This is a still from The Simpsons episode “Mathlete’s Feat.” This is what society thinks of people like me. Not that I’m complaining! I like that the episode makes fun of education fads. At least I think it does. It is hard to tell anymore. The Simpsons has been thoroughly infected by the Family Guy “anything for a joke” philosophy, so the episodes don’t hang together the way they once did. Still, it was nice to see a couple of shots taken at the idea that technology can serve as a substitute for good education. But even with that, it wasn’t a sharp attack — just silly people casting off one orthodoxy for another.
But this image struck me because of the “math joke.” The screen at first showed Homer apparently laughing at the joke. It lasted a long time, I assume to give the audience the chance to “get” the joke. Then it pulled back and we saw that actually Homer was laughing at the dog with a box on its head. Why exactly that is funny, I’m not sure. But roughly the same thing can be said for the math joke.
Of course, the purpose of such “jokes” is not to be funny but to be clever. But there is something very subgenius about the whole thing, if you ask me. The joke here is that the math symbols are supposed to read out, “I ate some pie.” But that doesn’t exactly pop out of it.
When I am confronted with such a thing, I just read it out literally. And frankly, I think that is all that ought to be necessary. But that doesn’t work at all here. I read it as, “Imaginary unit eight summation pi.” And from there I quickly managed “ate some pie.” But even that seemed stupid because I don’t recall ever using the phrase “sum whatever.” I might use “sum of whatever.” Okay: I am a super pedant. But I don’t necessarily have a problem with this. It is vaguely clever, the same way it was when we were kids spelling words with upside down calculators. (That is: not very.)
The question is what one is supposed to make of that square root of negative one. It is the imaginary unit: the most basic imaginary number — beloved by differential equations everywhere. And obviously, yes: the imaginary unit is always referred to as i. To be a pedant, that’s i and not I. But okay. What bothers me is exactly what would bother Bill Clinton: what the definition of is is. Note that “two cubed” and “sigma pi” are puns — they depend upon the sound of what they are. The “square root of negative one” is not i; it is represented by i.

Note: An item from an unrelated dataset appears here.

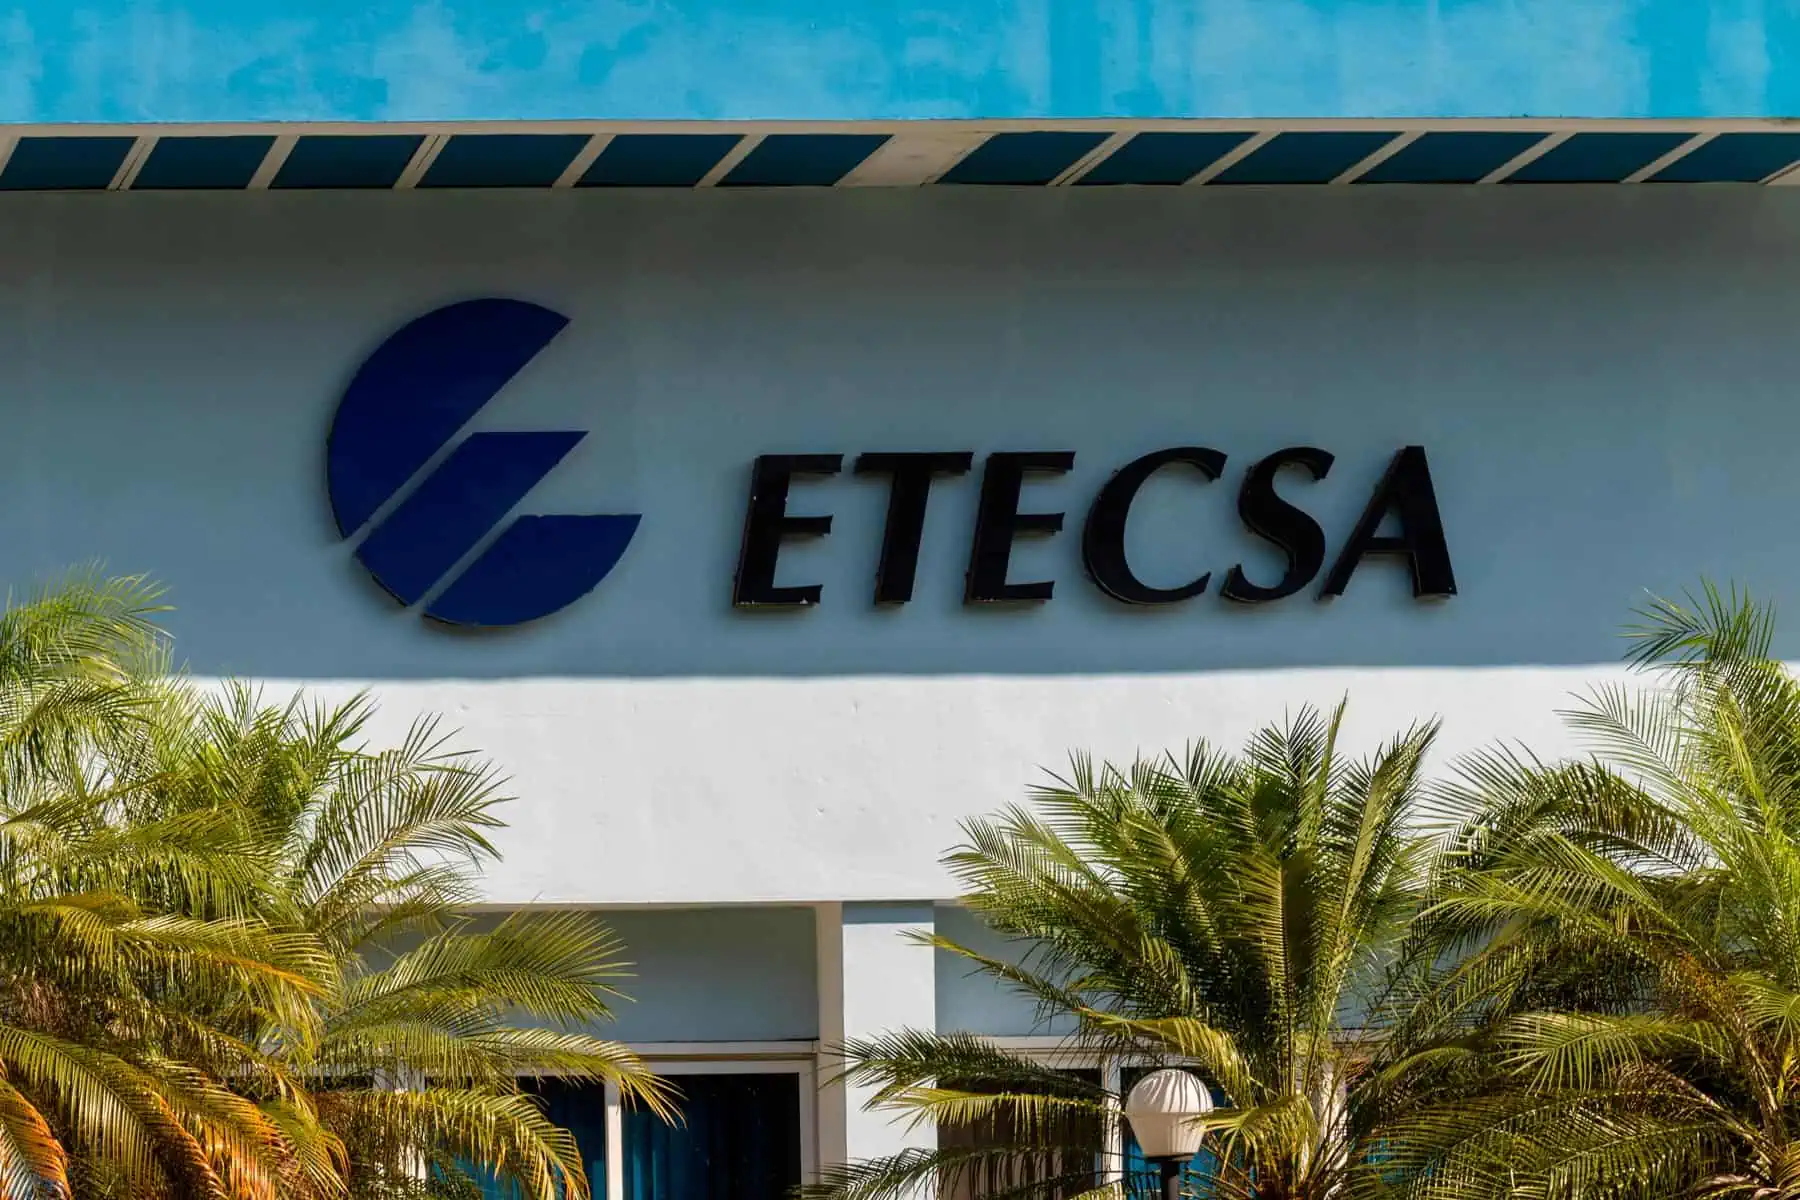 Ofrece ETECSA Curso de Habilitación de Ejecutivo A en Telemática en La Habana

But even if we grant that this is a joke, ultimately, it isn’t a math joke. It’s just a joke that only people with a little mathematical education will be able to get. A joke in the Greek language is not necessarily a “Greek joke.” A math joke is something that deals with, well, math. For example, here’s a joke that people loved in graduate school but always seemed pretty dumb to me:
I think I take a certain personal affront to this “math joke” on The Simpsons because the real object of the joke is nerds themselves. This has always been my problem with the television show The Big Bang Theory. So what you have is a joke that is funny because there are these weird people out there who supposedly find it funny. And actually, there aren’t. “I ate some pie” is funny in the same way as this riddle I learned in the second grade. Question: what state is round on the edges and high in the middle? Answer: Ohio! It’s funny because… Actually, it wasn’t even funny in second grade.
Afterword
This article was always meant to be lighthearted. Calling myself a pedant twice would be a clear giveaway to me. But as a writer/editor, I know that most people read very inaccurately. It makes my profession very hard because I know the things I struggle with the most are lost on 90 percent of the readers. But there is a serious side to this, and it is not that The Big Bang Theory sucks.

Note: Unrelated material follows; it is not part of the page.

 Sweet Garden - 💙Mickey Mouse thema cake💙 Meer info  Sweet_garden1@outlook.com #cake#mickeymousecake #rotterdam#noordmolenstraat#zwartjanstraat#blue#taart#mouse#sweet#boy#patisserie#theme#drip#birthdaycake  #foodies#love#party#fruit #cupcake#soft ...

This article is fundamentally about the difference between math and its representation. There is a similar problem in physics where people mistake quantum mechanics for reality. It is a model of reality. It predicts reality really well — but not perfectly. And reality is not running equations to figure out what it ought to do when you drop a ball on the surface of the Earth.

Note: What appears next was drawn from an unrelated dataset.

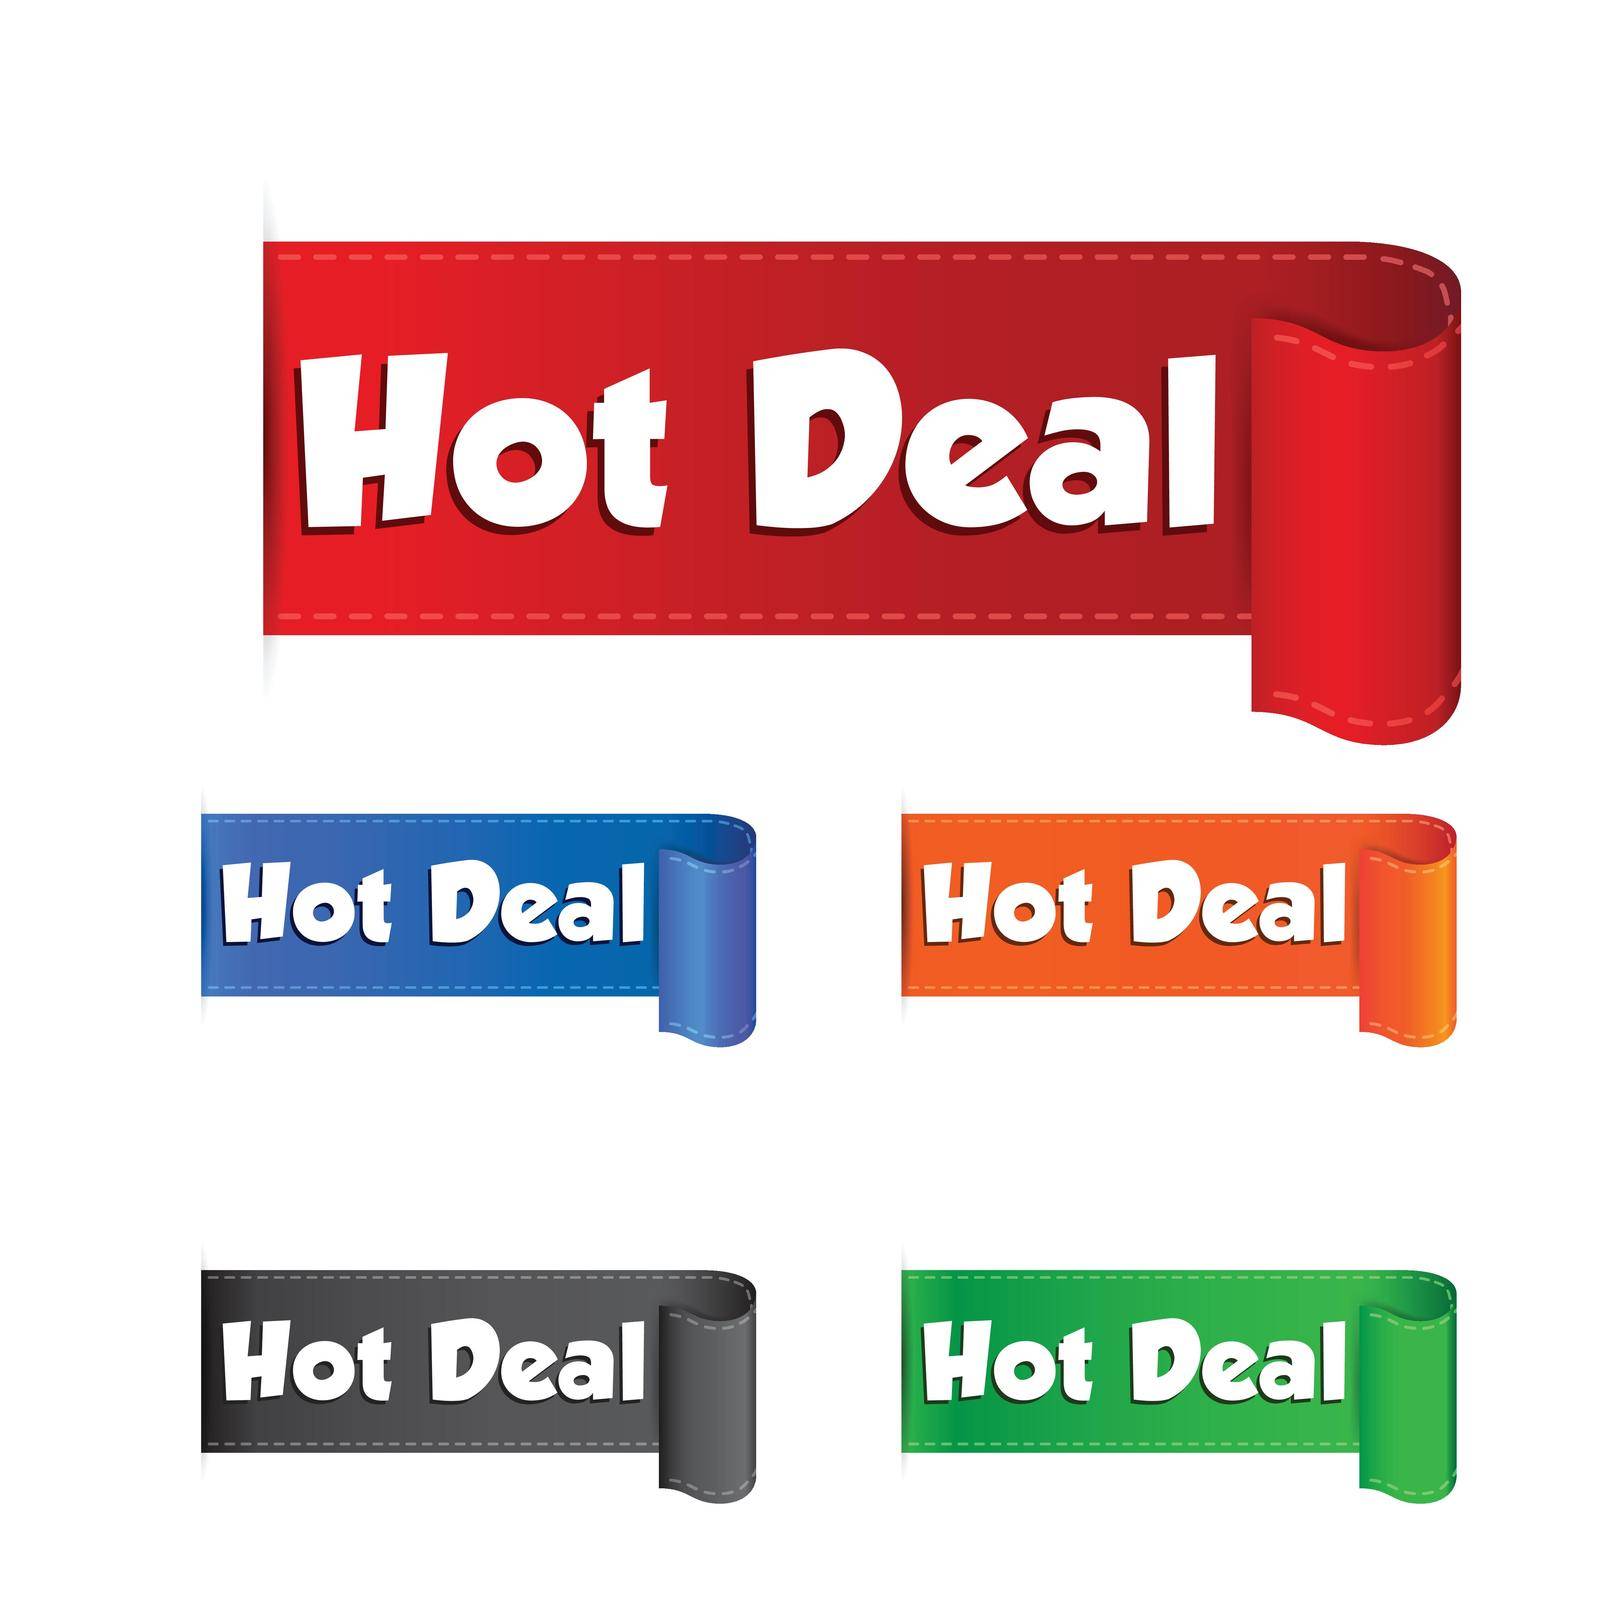 Hot deal sticker. Label vector illustration on white background

Or look at the Rene Magritte painting, La Trahison des Images (“The Treachery of Images”):
At the bottom of the painting, Magritte has written, Ceci n’est pas une pipe. (“This is not a pipe.”)
Many people think the painting is a joke. But Magritte was quite serious. It is not a pipe. It is a painting of a pipe. I really like Magritte’s work, but I’ve never been fond of this one because it is such making such an obvious point (even though it is not obvious to many people) in such a bunt way. But it does sum up his career. He said similar things in much more beautiful and subtle ways.
This may all sound very abstract (You know: like mathematics!) but it’s important because people confuse these things all the time. And it’s an ontological issue. Mathematicians design symbols so that they can communicate with each other. But the math is not the equations any more than Magritte’s painting is a pipe. And if you don’t understand that, you don’t understand math or much of anything important.